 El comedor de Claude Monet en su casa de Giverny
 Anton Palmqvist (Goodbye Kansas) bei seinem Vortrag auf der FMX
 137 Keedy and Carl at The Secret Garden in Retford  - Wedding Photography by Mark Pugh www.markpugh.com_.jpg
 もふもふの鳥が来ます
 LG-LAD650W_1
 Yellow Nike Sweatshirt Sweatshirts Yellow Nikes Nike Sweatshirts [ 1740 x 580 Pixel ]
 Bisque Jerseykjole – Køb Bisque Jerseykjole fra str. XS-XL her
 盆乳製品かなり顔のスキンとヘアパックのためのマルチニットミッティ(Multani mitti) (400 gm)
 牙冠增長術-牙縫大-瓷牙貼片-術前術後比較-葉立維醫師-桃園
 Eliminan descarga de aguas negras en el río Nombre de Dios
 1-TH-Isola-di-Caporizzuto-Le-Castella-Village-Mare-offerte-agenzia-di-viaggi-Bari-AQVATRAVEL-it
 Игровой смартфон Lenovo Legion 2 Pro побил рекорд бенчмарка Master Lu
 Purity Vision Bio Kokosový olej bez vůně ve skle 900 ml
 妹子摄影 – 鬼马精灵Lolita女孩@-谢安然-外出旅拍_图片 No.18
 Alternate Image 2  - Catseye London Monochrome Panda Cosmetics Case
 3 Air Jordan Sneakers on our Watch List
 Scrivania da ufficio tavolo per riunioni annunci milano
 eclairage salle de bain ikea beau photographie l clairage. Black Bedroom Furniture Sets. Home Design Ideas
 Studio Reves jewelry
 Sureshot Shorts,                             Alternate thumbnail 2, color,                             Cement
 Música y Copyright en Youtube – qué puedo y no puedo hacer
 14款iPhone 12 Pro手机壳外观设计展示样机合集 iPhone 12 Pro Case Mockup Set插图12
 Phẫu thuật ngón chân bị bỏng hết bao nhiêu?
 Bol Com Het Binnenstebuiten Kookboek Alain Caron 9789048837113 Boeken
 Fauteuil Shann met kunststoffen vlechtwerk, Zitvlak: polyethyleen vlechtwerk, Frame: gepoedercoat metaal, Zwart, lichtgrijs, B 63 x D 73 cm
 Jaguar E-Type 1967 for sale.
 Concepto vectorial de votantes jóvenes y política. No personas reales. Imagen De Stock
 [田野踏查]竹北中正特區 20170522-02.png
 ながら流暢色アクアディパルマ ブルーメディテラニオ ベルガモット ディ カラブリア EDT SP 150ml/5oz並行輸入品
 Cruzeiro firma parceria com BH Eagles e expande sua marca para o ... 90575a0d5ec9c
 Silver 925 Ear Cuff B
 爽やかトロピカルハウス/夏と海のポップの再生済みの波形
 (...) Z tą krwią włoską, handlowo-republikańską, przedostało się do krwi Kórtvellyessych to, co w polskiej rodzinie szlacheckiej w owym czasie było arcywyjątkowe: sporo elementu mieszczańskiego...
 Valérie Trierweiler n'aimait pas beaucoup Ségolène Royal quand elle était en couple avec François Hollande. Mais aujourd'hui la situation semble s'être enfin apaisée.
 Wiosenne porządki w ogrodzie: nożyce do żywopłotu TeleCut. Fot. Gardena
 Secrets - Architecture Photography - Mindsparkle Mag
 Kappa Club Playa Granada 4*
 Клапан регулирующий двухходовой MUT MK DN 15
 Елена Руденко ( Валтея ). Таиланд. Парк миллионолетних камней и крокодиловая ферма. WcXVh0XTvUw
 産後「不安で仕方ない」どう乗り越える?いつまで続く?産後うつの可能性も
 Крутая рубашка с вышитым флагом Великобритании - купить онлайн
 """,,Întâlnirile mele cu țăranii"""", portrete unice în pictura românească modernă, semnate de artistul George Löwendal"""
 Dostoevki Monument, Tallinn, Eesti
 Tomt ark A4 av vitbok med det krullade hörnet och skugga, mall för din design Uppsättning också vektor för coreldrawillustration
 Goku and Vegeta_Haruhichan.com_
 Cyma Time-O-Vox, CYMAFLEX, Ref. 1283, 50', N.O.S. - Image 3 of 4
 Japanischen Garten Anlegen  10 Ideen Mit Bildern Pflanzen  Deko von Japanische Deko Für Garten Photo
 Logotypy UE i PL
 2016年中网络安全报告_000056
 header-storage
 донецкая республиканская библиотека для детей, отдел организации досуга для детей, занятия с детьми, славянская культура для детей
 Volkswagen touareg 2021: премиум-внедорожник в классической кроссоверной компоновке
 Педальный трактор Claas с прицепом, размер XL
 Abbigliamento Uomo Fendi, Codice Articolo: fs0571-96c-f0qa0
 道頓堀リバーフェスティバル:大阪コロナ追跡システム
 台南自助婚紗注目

------------------------------------

**Exercise aim**
Using the material above, return each line in which the word "Alternate" occurs.

**Completed exercise**
 Alternate Image 2  - Catseye London Monochrome Panda Cosmetics Case
 Sureshot Shorts,                             Alternate thumbnail 2, color,                             Cement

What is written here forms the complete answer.